# Driver side power window is dead



## tt92103 (Nov 23, 2010)

I have a 2001 TT, for the last several years the driver side window has made a clicking/cracking sound when I roll it up (no problems rolling down). A week ago when I was rolling it up, it just stopped halfway up. Won't roll up or down, won't budge. Even if I pull or push the window with my hands to "assist", it won't move. When I push the switch up or down there are no sounds at all it is totally silent, I don't hear the motor trying to run. My guess is it could be the switch in the door or the motor or a fuse. (If it was the regulator or frayed/broken cables wouldn't I hear the motor trying to run?)
The switch feels normal and I don't believe the switch would just fail halfway up so I think it is something else.
There are a hundred threads on here about power window problems (I have been reading for a couple hours), one suggestion I see on many other threads is "check the fuse". But according to my manual on page 222, "The electric power windows are protected with circuit breakers which reset automatically after the circuit overload has been corrected." If this is the case then how can I check the fuse? Plus I don't even know where it is!
I would like to take the motor out and test it, but I can't figure out how to pull out the motor. I have removed the screws but when I try to pull it out there is something holding on to it.

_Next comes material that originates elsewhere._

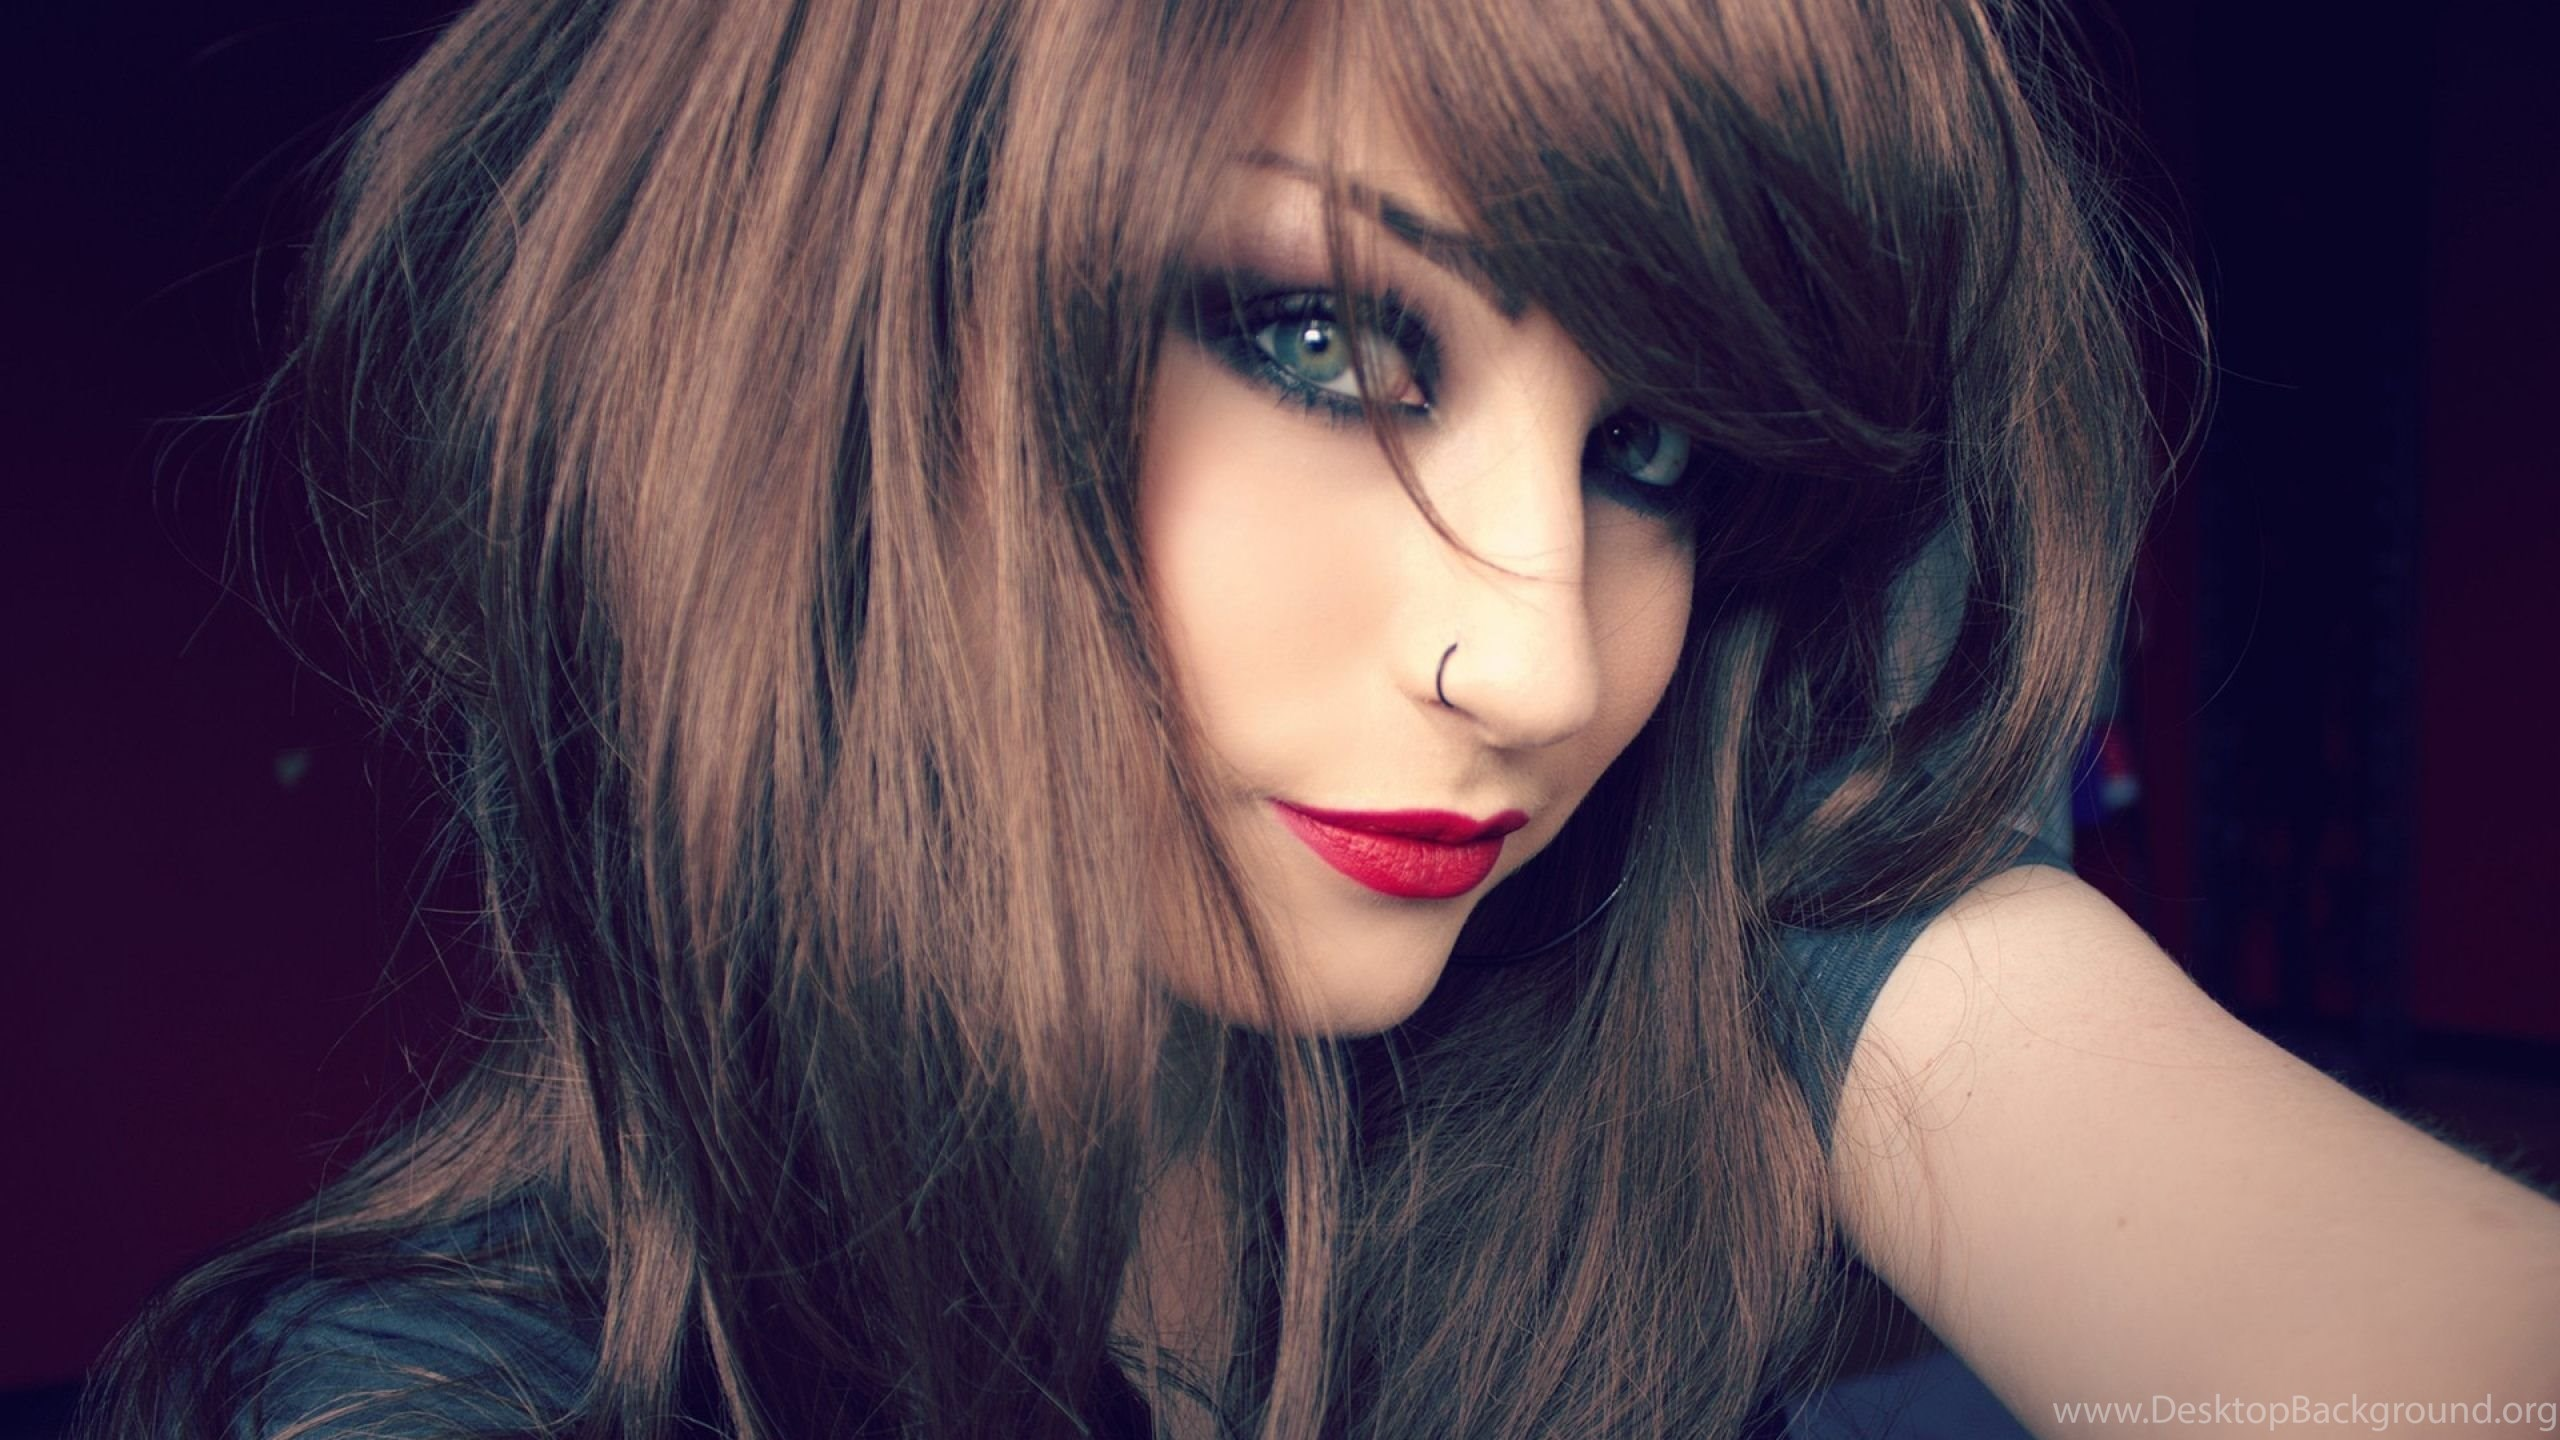 eyes makeup of beautiful girl wallpapers hd high definition desktop

I could use all of my strength to force it out but it feels like I will break something. And if I get it out, are there two terminals to connect 12 volts to? What if the motor works, then what is the next thing to check?
Some people in other window threads say to check the window clips. I don't know what "window clips" are or where to look for them. Some people say check the "microswitches" but I don't see any.
I have spent countless hours working on this in the past week and I've gotten nowhere. At this point I just want to get the window all the way up. Any advice on how to get the window up? Or something else I should check?
Thanks for any help.


----------



## tt92103 (Nov 23, 2010)

I just tested the window switch in the door panel and verified the the switch is working and is not the cause of the problem.


----------



## tt92103 (Nov 23, 2010)

Does anybody know the pinout of the connector that plugs into the window motor? If I apply 12V to the right pins then shouldn't I be able to roll the window up and down?


----------



## tt92103 (Nov 23, 2010)

OK I got the motor assembly out! If I could just figure out how to test it now. On the cable connector that plugs into the motor, I measure 12V on the two large contacts. I also see 12V on two of the smaller contacts, and 6.63V on two smaller contacts. And 0V on the other three contacts. Anybody know what the pin functions are? Are all 9 pins inputs into the motor or are some of the pins outputs? I don't understand why there are 9 wires going into the motor assembly, seems like four would be enough; 12V for power, one for rotate CW and one for rotate CCW...


----------



## tt92103 (Nov 23, 2010)

Last night after I removed the motor I turned the plastic pulley-cog thing and manually rolled the window up and down. It takes a *huge* amount of force to turn it, so my theory is that there is so much friction in the regulator system that it caused the motor to fail. Also something in the regulator still makes cracking sounds when I roll it up manually.
I decided to take the car to my mechanic and I told him what I suspected. I asked him to grease and lube everything and see if something was out of adjustment to cause all of that friction. He basically did not believe me and spent about 2 minutes looking over the door and said the regulator was fine. He did not try to roll the window up or down so I don't know why he was sure I was wrong.
I ordered an Elsawin service repair manual on Ebay and I can't get it to install. I've tried three different computers. I think it must be a pirated version or something. I've spent a couple hours trying to install it. More wasted time, and I still don't know how to test the motor independently...


----------



## Zelgin (Dec 7, 2013)

tt92103 said:


> I ordered an Elsawin service repair manual on Ebay and I can't get it to install. I've tried three different computers. I think it must be a *pirated* version or something. I've spent a couple hours trying to install it. More wasted time, and I still don't know how to test the motor independently...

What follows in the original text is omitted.